Beberapa tahun terakhir, warga Bandung semakin sering dibuat kaget oleh cuaca yang berubah secara drastis. Kadang sehari bisa hujan deras dua kali, atau udara yang terasa panas langsung berubah menjadi badai tiba-tiba. Fenomena seperti banjir kilat, genangan air dalam hitungan menit, serta angin kencang yang merobohkan pohon kini bukan lagi hal yang jarang. Kejadian-kejadian ini juga tercatat dalam data resmi Badan Meteorologi, Klimatologi, dan Geofisika (BMKG), yang menunjukkan tren peningkatan kejadian cuaca ekstrem di provinsi Jawa Barat sejak 2020 (BMKG, 2022). Artinya, bukan hanya perasaan kita saja, data juga berkata bahwa kondisi cuaca sudah berubah.

Salah satu alasan utama yang membuat banjir kilat makin sering terjadi adalah karena curah hujan ekstrem yang meningkat. Curah hujan ekstrem berbeda dari hujan biasa karena jumlah airnya sangat besar dalam waktu yang singkat. BMKG mencatat bahwa kejadian hujan dengan intensitas tinggi (lebih dari 100 mm dalam satu hari) semakin sering muncul di wilayah seperti Bandung sejak tahun 2020 hingga 2023. Penelitian juga menunjukkan bahwa peningkatan suhu permukaan laut di Indonesia membuat awan konvektif, awan besar yang menghasilkan hujan deras lebih mudah terbentuk di musim hujan, terutama di daerah pegunungan dan dataran tinggi seperti Bandung (Suwarso et al., 2021). Jadi, ketika awan besar ini datang, hujannya turun bukan sedikit-sedikit, tetapi deras dan terus menerus.

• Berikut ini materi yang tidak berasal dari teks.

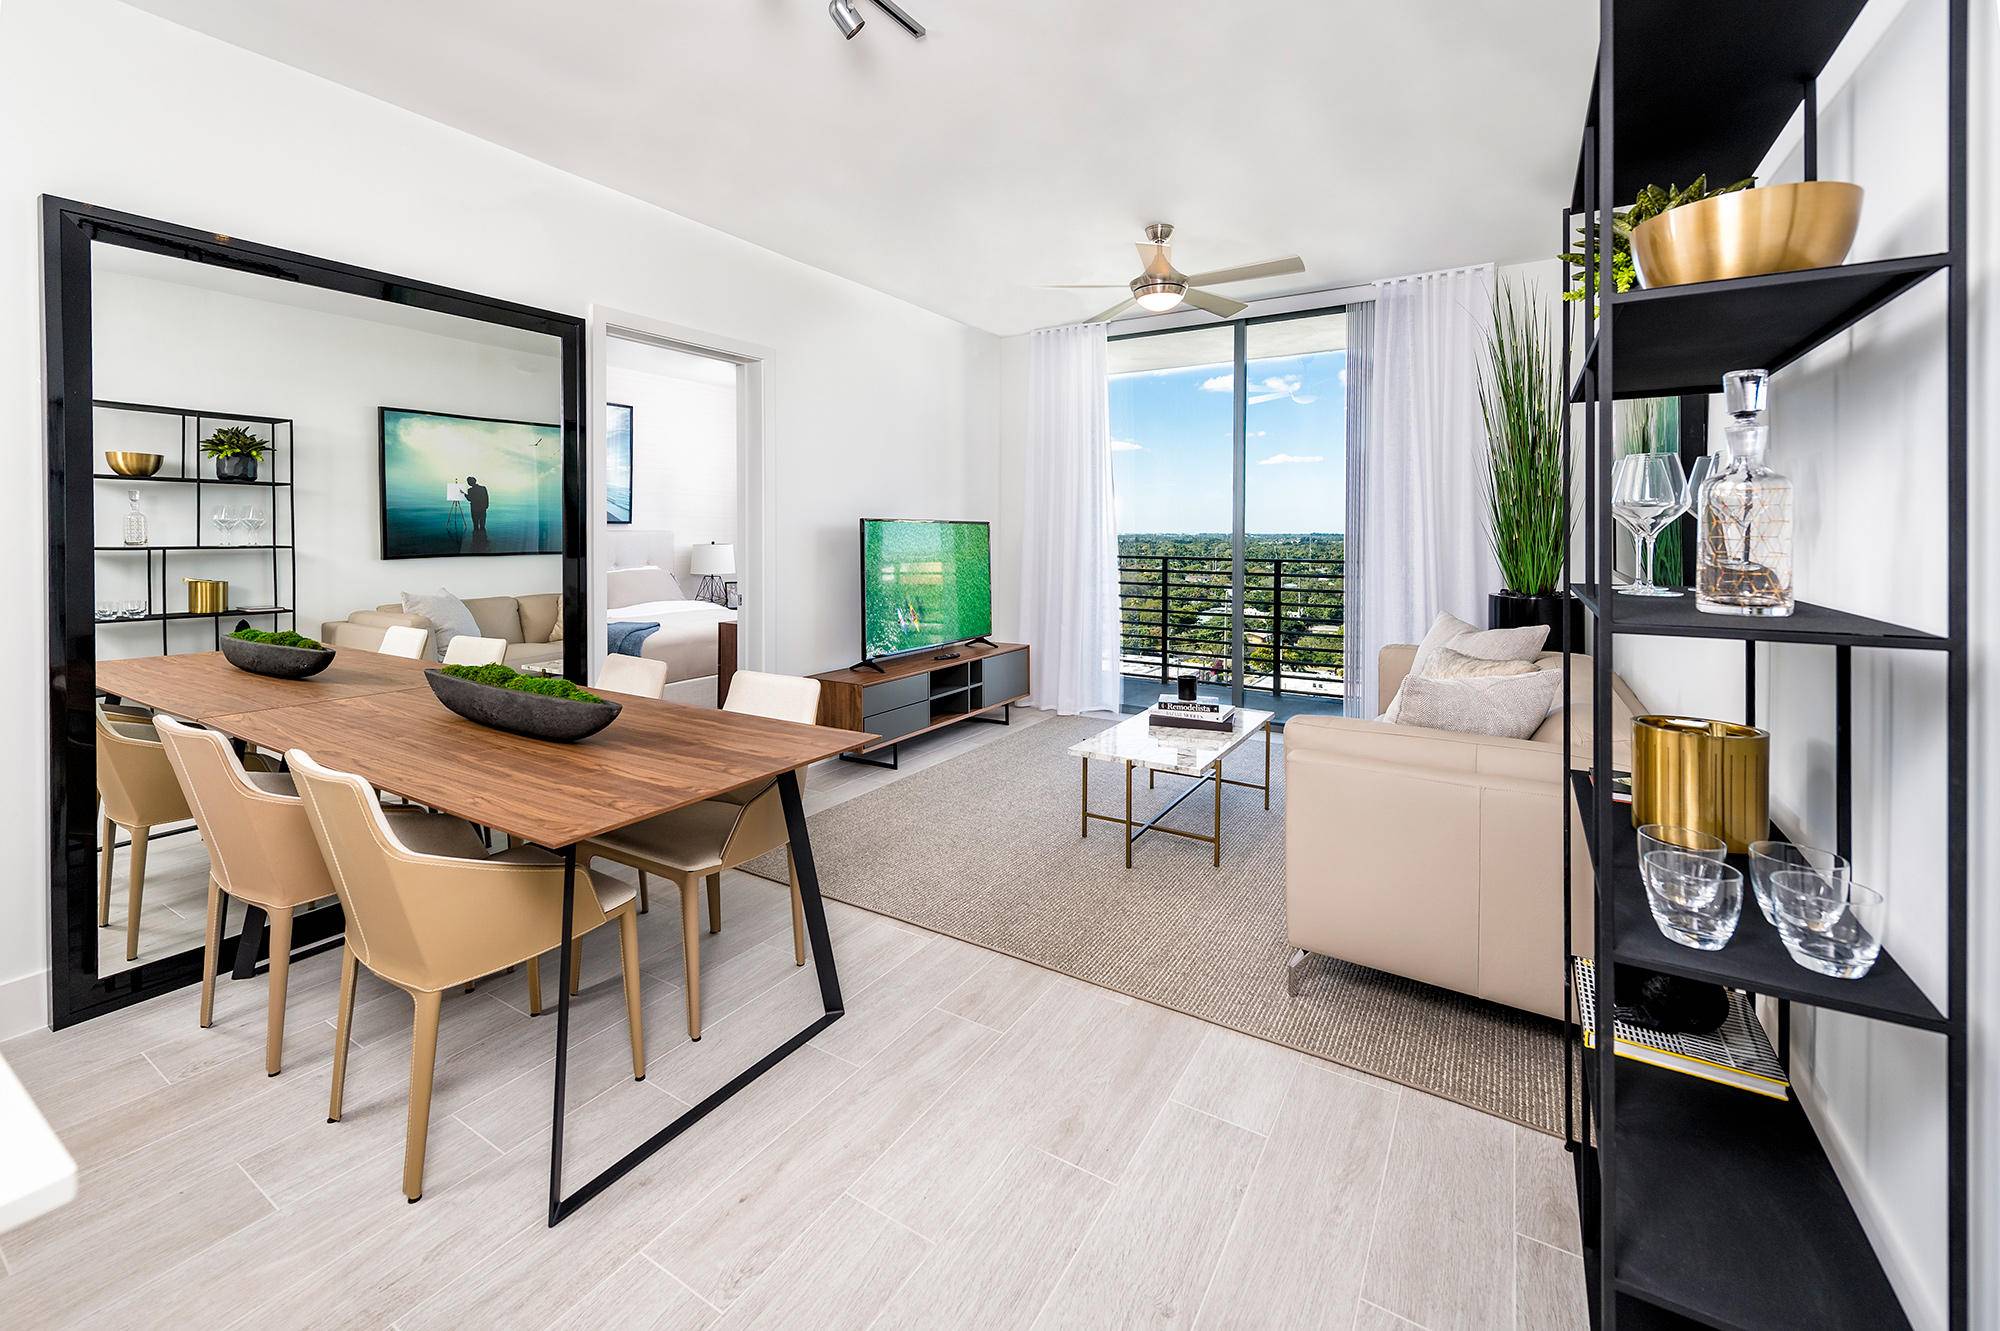 Welcome to Fort Lauderdale's true modern live work play community offering everything under one roof.

Selain karena meningkatnya hujan ekstrem, topografi Bandung juga membuat banjir kilat menjadi masalah serius. Bandung berada dalam sebuah cekungan besar yang dikelilingi oleh pegunungan. Secara fisik, ini seperti area datar yang “mengumpulkan” air dari sekelilingnya. Ketika hujan deras turun, air dari dataran tinggi dan lereng pegunungan akan mengalir ke daerah rendah di tengah kota. Penelitian dari Institut Teknologi Bandung (ITB) menunjukkan bahwa cekungan Bandung memperlambat aliran air keluar dari kota, sehingga air lebih cepat terakumulasi di permukaan, sementara drainase kota tidak cukup kuat untuk mengatasi volume air yang besar (Rizaldi & Setiawan, 2020). Akibatnya, banjir kilat bisa terjadi dengan sangat cepat, bahkan hanya beberapa menit setelah hujan deras mulai turun.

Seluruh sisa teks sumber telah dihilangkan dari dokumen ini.